I'm not philosophizing. I'm interpreting what the person in OPs screenshot was saying, which seems to be "fuck you for caring about the person I was when you got to know me".

[–] zarkanian@sh.itjust.works 2 points 2 days ago

No, it's about the person they thought they were. You don't magically transform into a different person when you transition. You just become more authentically the person you already were.

If your "friend" has a problem with you because they find out you're trans, they're a bigot.

[–] erin@lemmy.blahaj.zone 1 points 2 days ago (1 children)

That person still exists. Mourning their loss shows you don't actually love them as they are.

[–] the_crotch@sh.itjust.works 4 points 2 days ago (3 children)

I don't think that's fair. You can be happy for what someone achieved and mourn what you used to have at the same time. I have friends who got married and had kids. They're happy and I'm happy for them. I'm still sad the old days are over when we could just drink beer in the back yard whenever we felt like it.

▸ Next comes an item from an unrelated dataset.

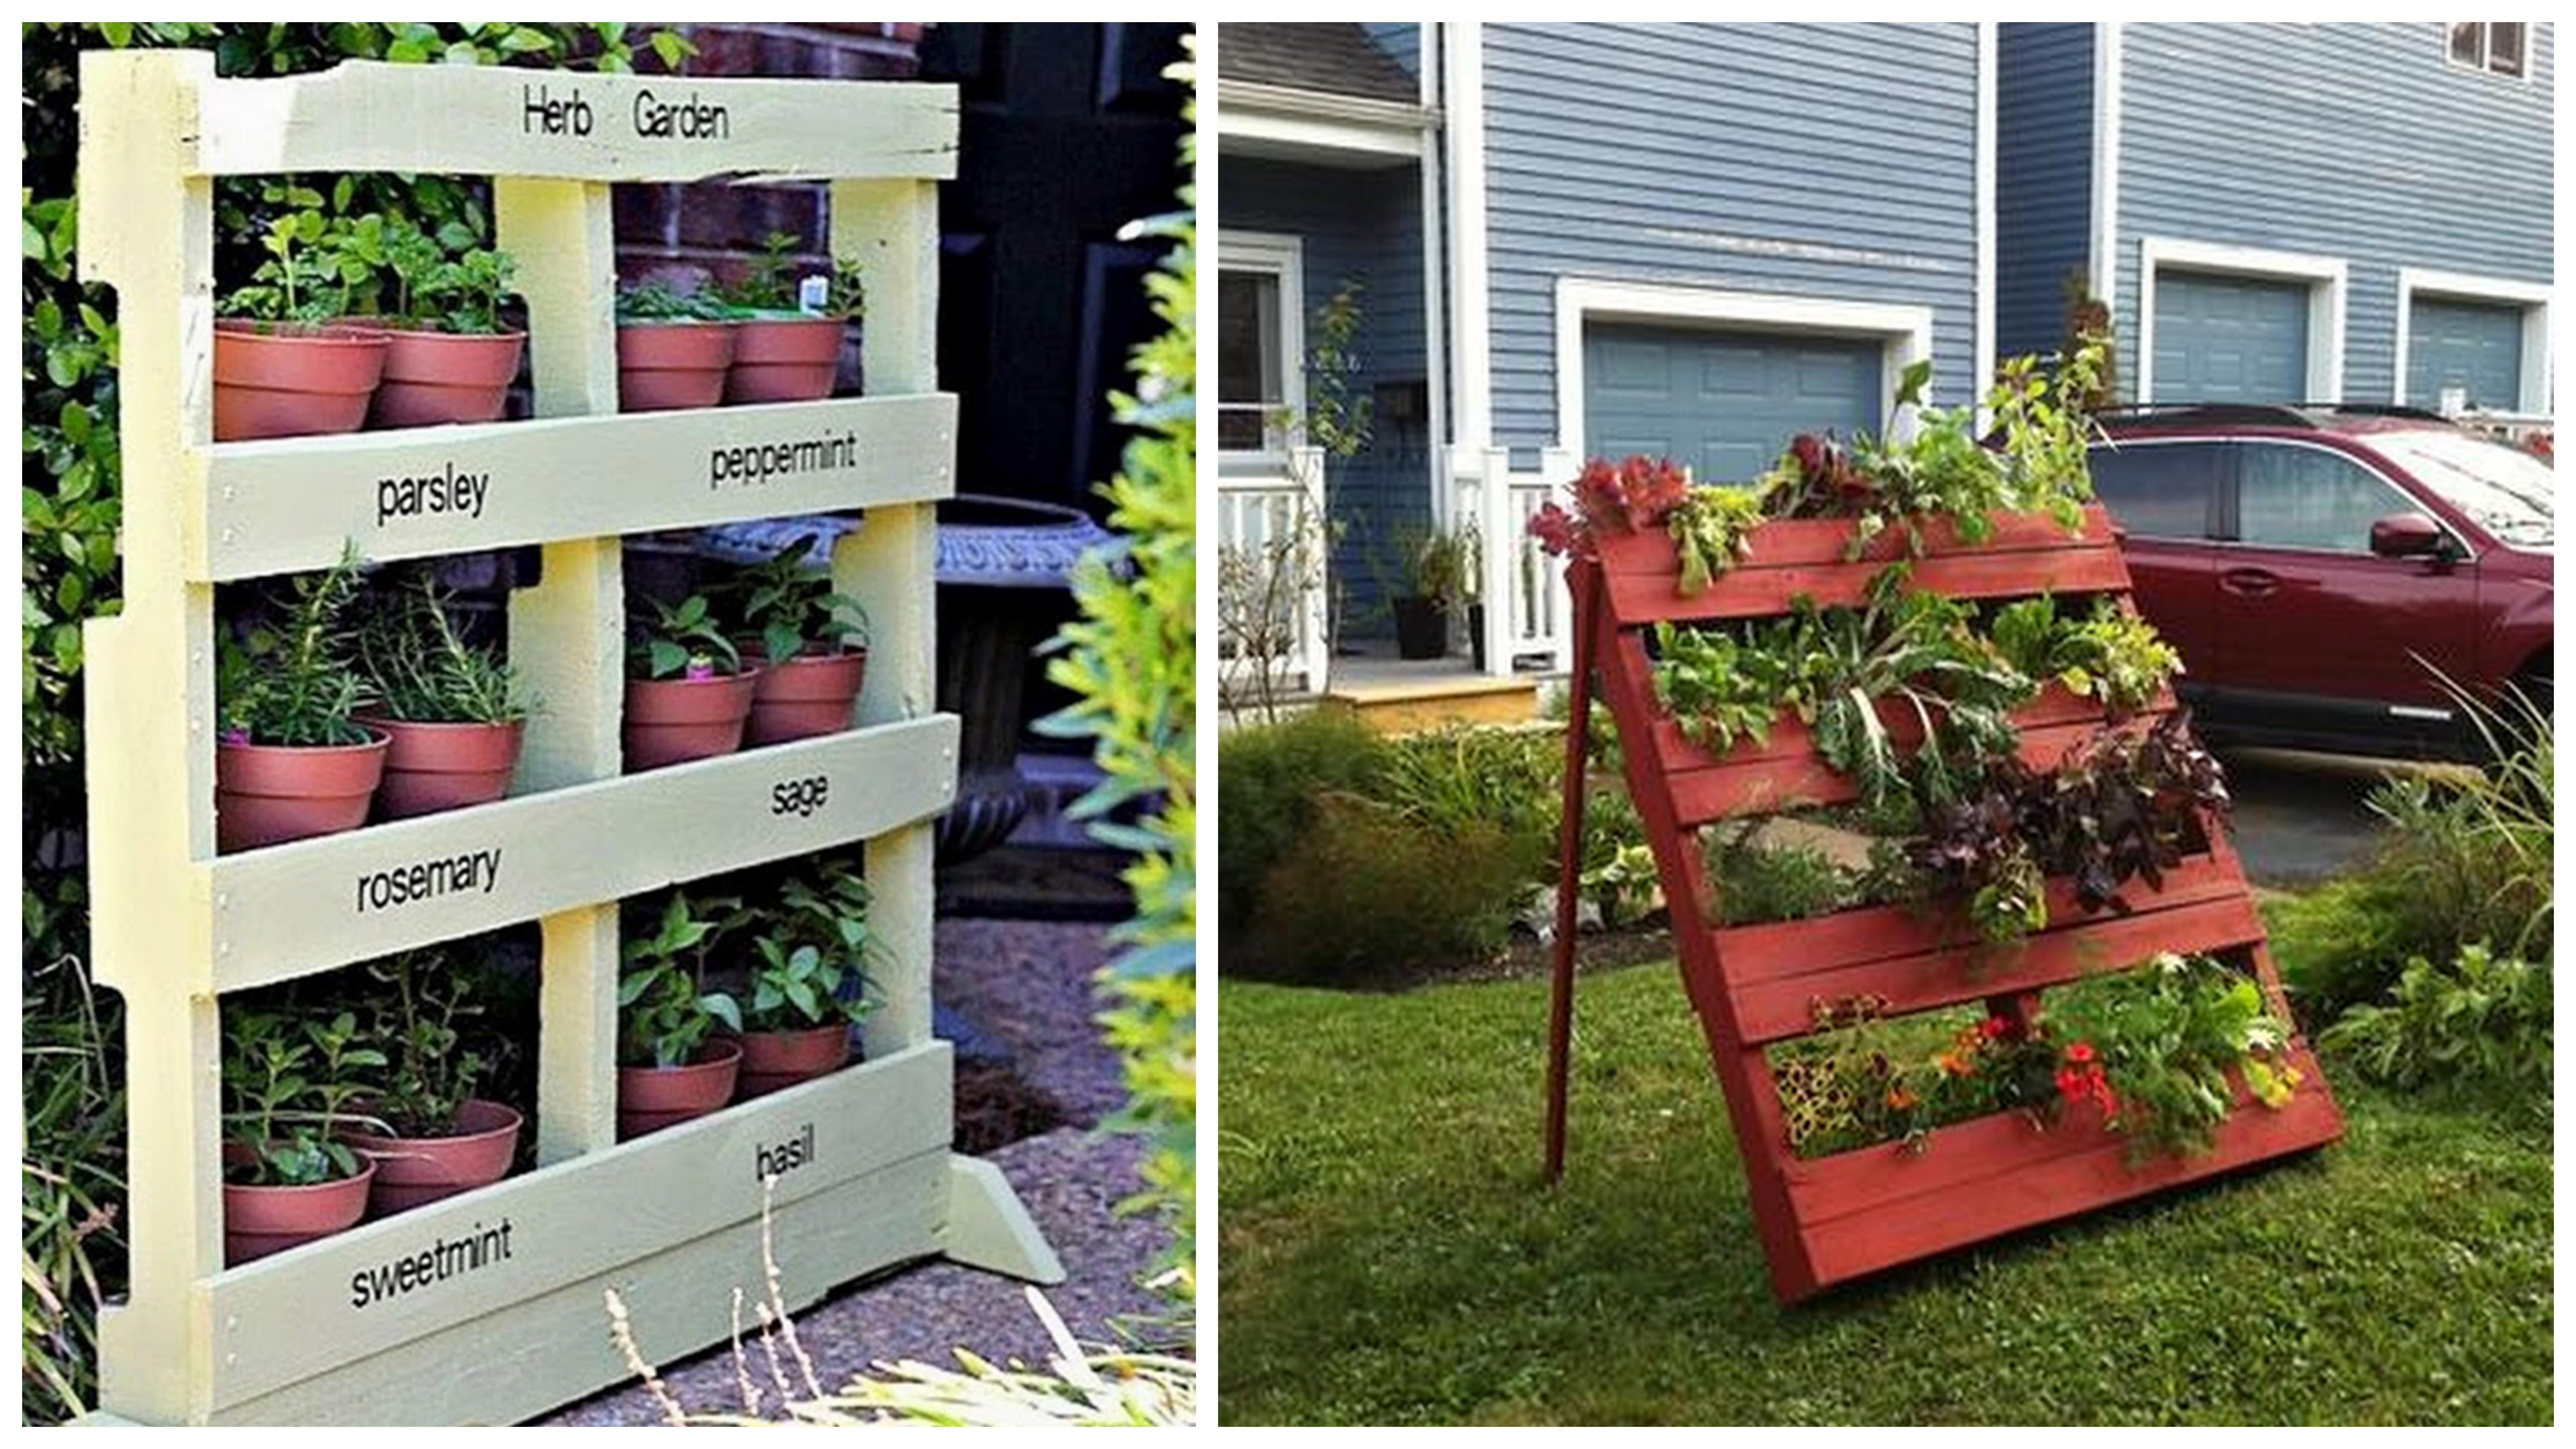 Construyendo el palet de hierbas arom ticas in mensa - Que hacer con un palet ...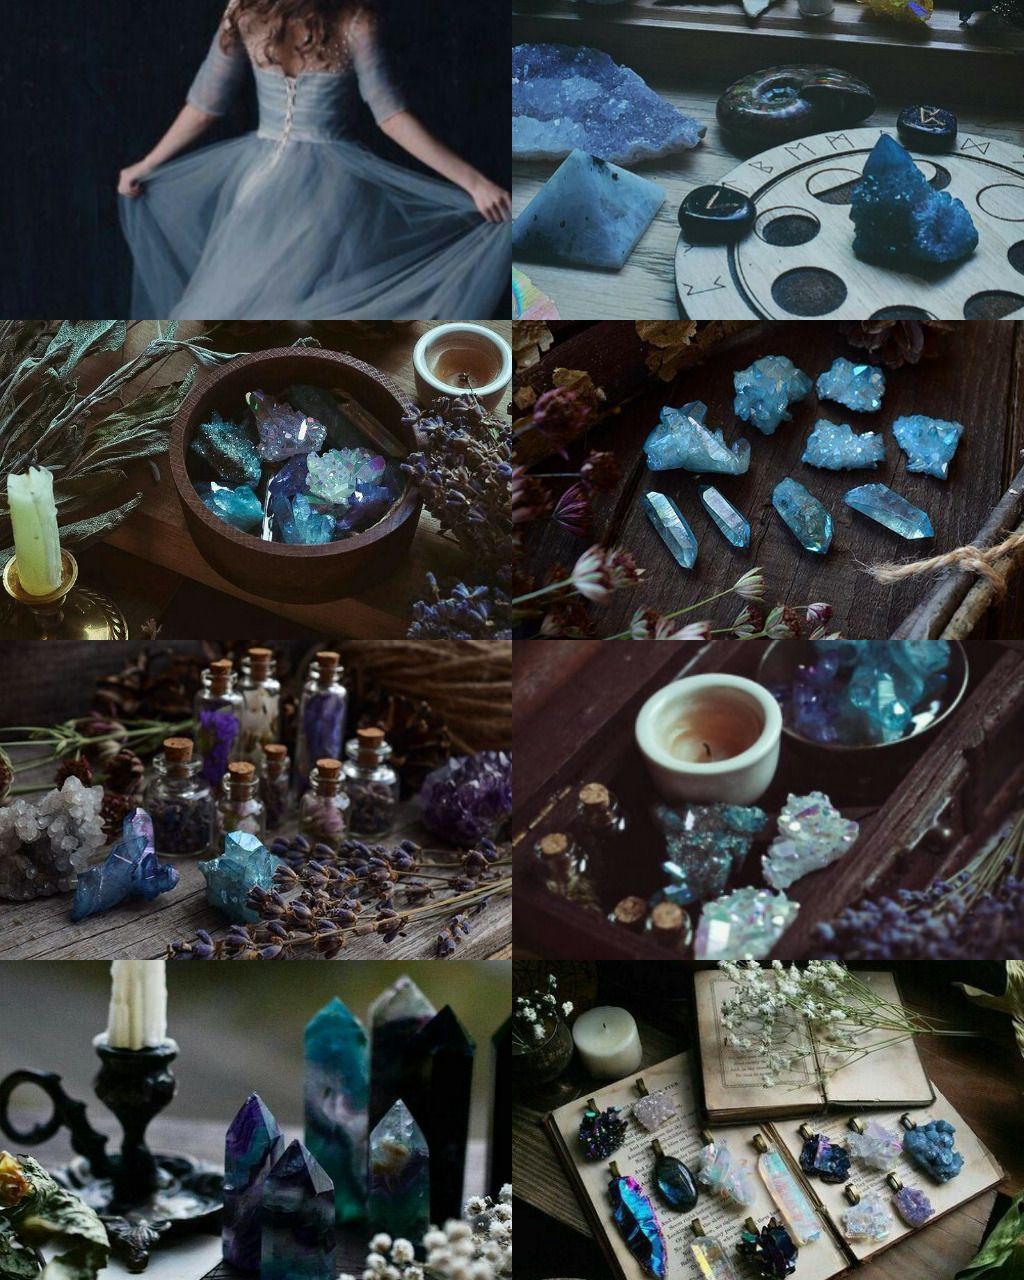 Blue witch aesthetic | Witch aesthetic, Witch, Water witch

[–] erin@lemmy.blahaj.zone 4 points 2 days ago

What do you lose when someone transitions? They're still the same person, just happier and expressing themselves truly. You lose nothing. The only loss to be mourned would be a relationship that's no longer compatible. It's a change, but it's a positive one, and expressing any form of loss to someone going through such a difficult and scary time is incredibly hurtful.

[–] zarkanian@sh.itjust.works 4 points 2 days ago

How is that analogous to transitioning, though? You can do the same things with your trans friends as with your cis friends, right?

[–] T156@lemmy.world 2 points 2 days ago* (last edited 2 days ago)

Though, you generally don't tell that to their face, not in that way, and certainly not when they're confiding in you about/celebrating finding themselves. That's simply hurtful, and beyond rude.

You generally won't go up to your friends on their wedding day, and say the same phrase. You're more likely to put it as "I'll miss drinking with you in the back yard, but I'm happy you're happy", and not as a seriously-spoken "It's like watching my friend die!".